§ **Data provided**:
# # # # # # #

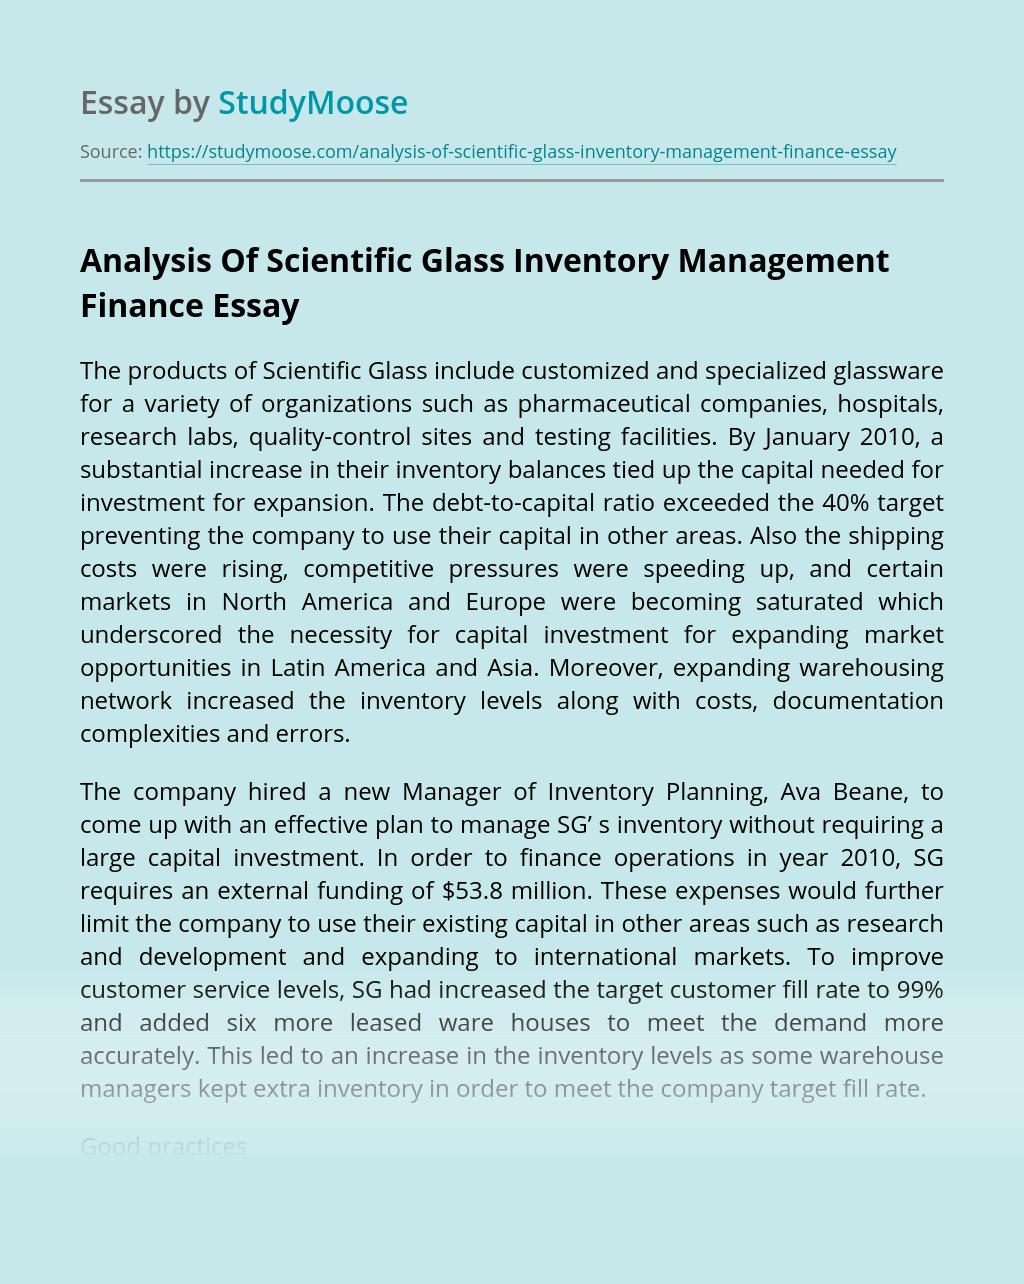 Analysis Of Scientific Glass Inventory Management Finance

# # # # # # #

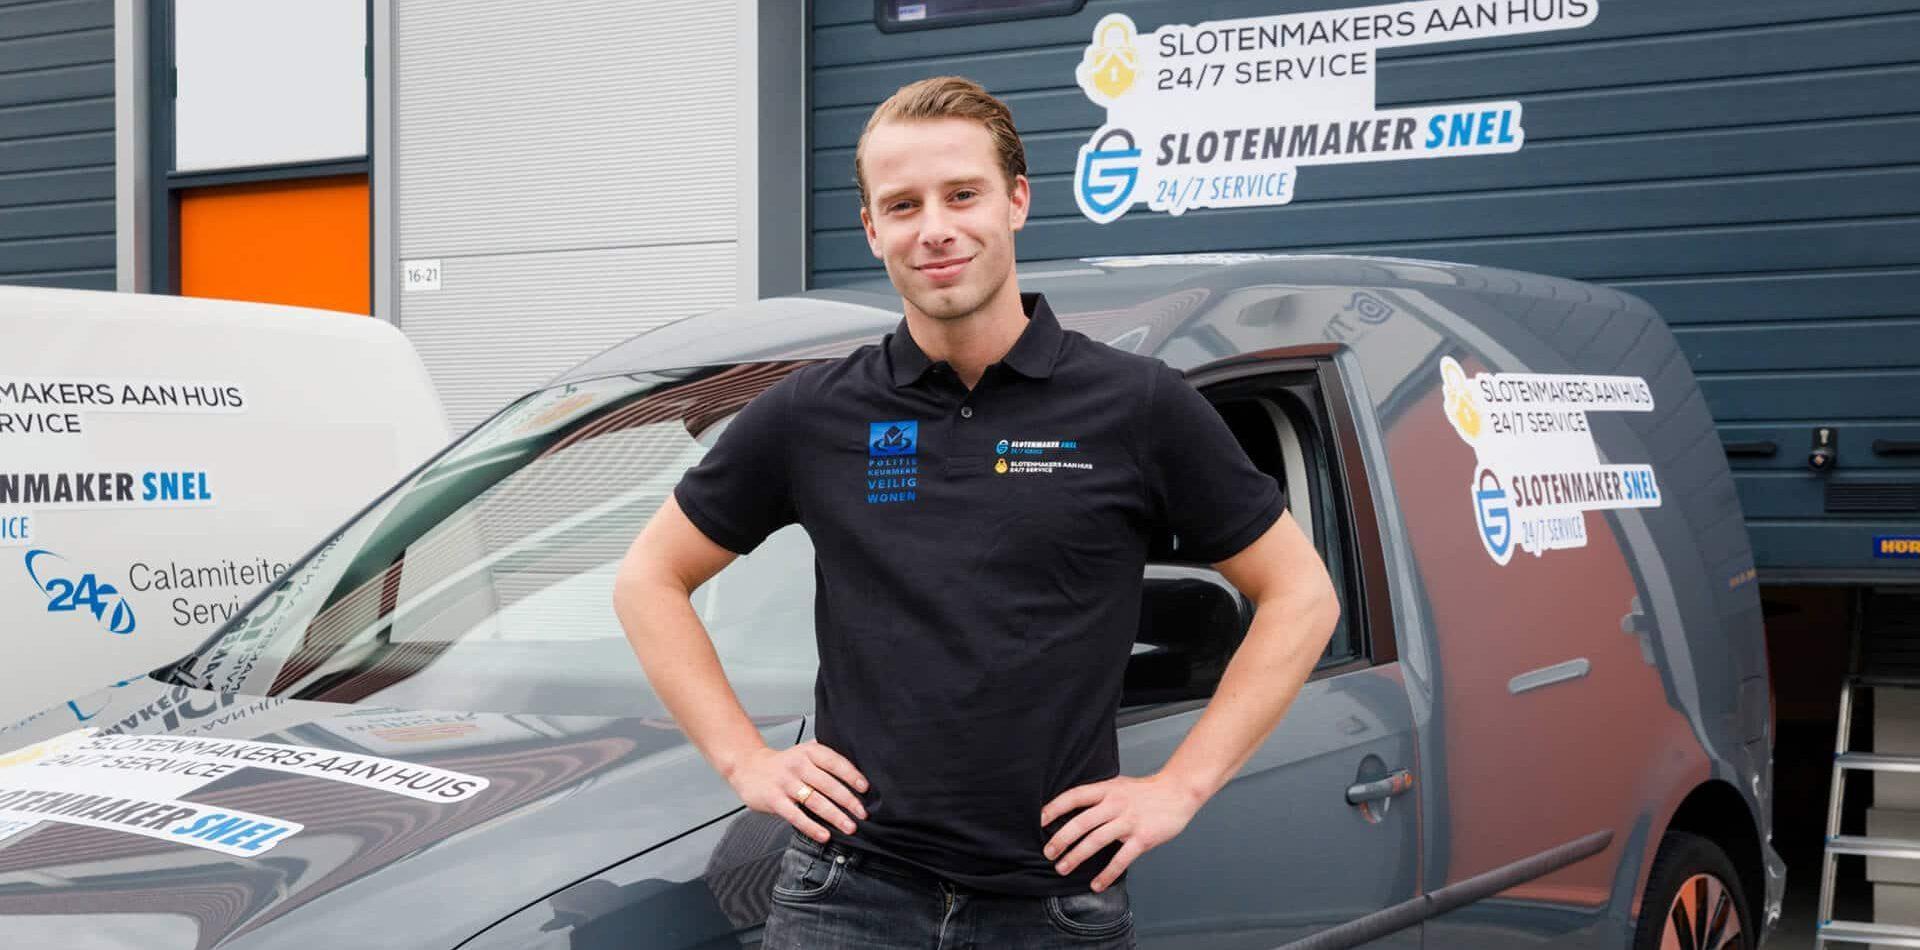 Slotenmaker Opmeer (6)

# # # # # # #

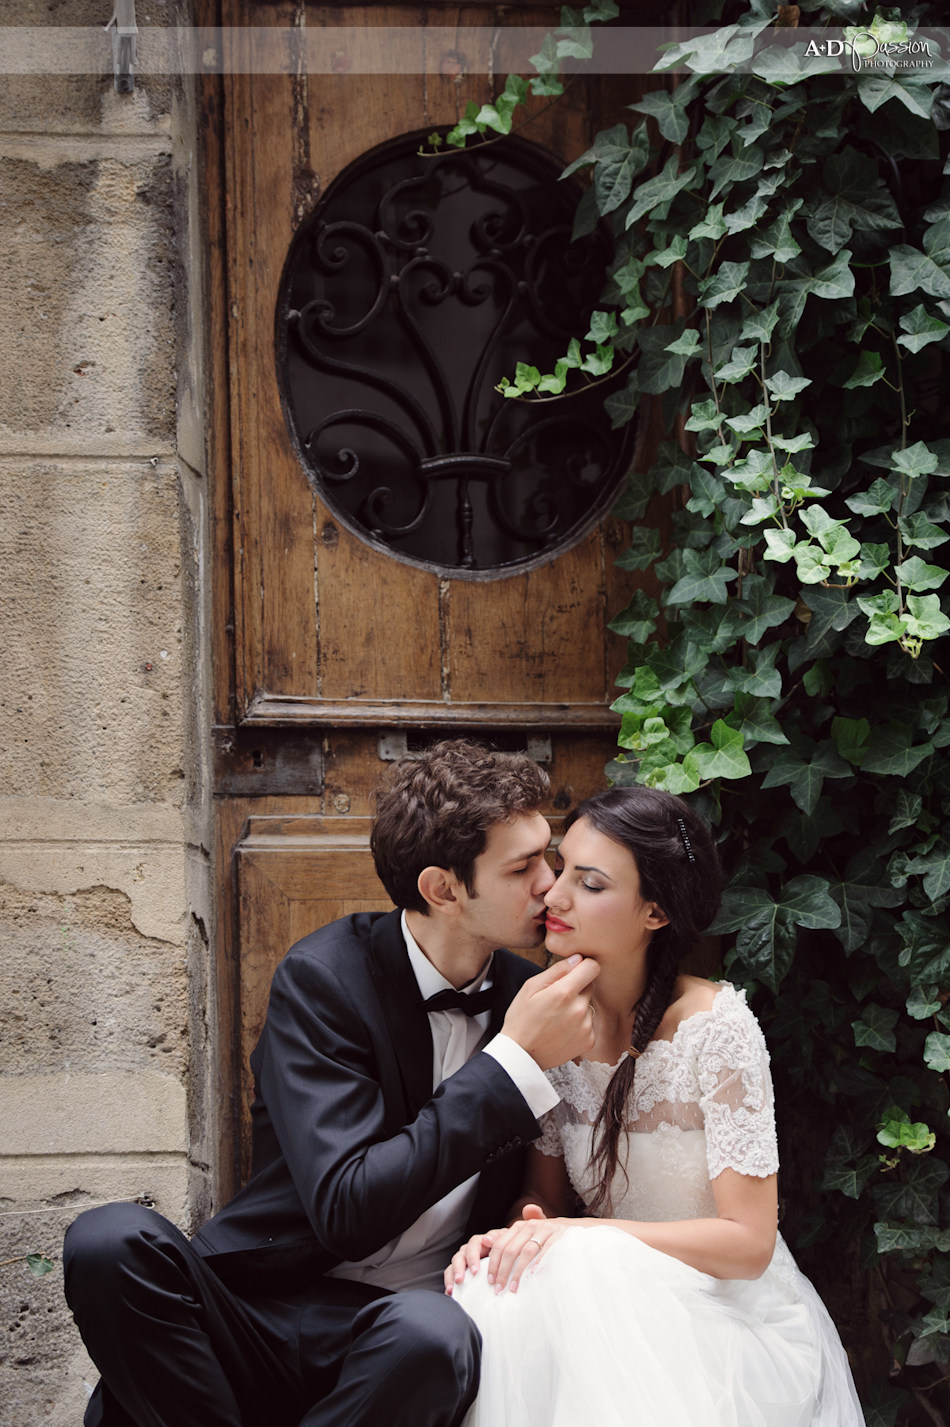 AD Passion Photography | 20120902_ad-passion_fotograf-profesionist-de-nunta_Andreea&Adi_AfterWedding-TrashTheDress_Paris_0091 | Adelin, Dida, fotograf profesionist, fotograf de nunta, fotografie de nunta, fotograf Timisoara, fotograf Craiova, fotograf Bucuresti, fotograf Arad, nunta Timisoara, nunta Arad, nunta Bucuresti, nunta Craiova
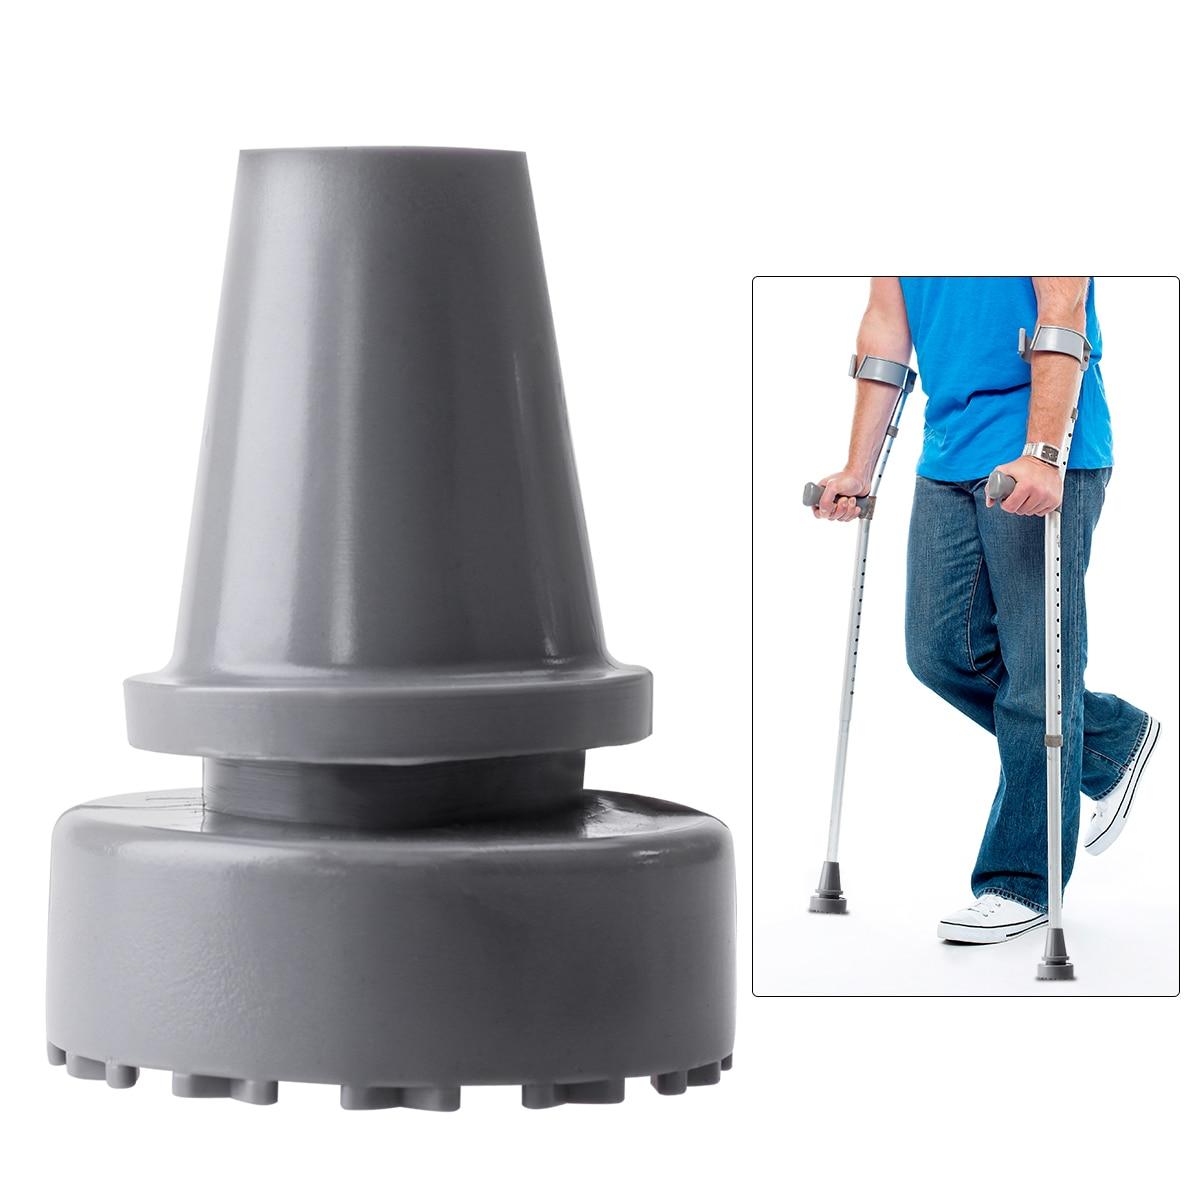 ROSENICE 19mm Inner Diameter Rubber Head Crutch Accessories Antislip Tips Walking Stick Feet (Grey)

# # # # # # #

§ **Exercise objective**:
Within the listing above, the lines starting at the one containing "AD Passion Photography" and ending at the one containing "ROSENICE 19mm Inner" are to be returned exactly. Omit the pictures.

§ **Result for this task**:
 AD Passion Photography | 20120902_ad-passion_fotograf-profesionist-de-nunta_Andreea&Adi_AfterWedding-TrashTheDress_Paris_0091 | Adelin, Dida, fotograf profesionist, fotograf de nunta, fotografie de nunta, fotograf Timisoara, fotograf Craiova, fotograf Bucuresti, fotograf Arad, nunta Timisoara, nunta Arad, nunta Bucuresti, nunta Craiova
 ROSENICE 19mm Inner Diameter Rubber Head Crutch Accessories Antislip Tips Walking Stick Feet (Grey)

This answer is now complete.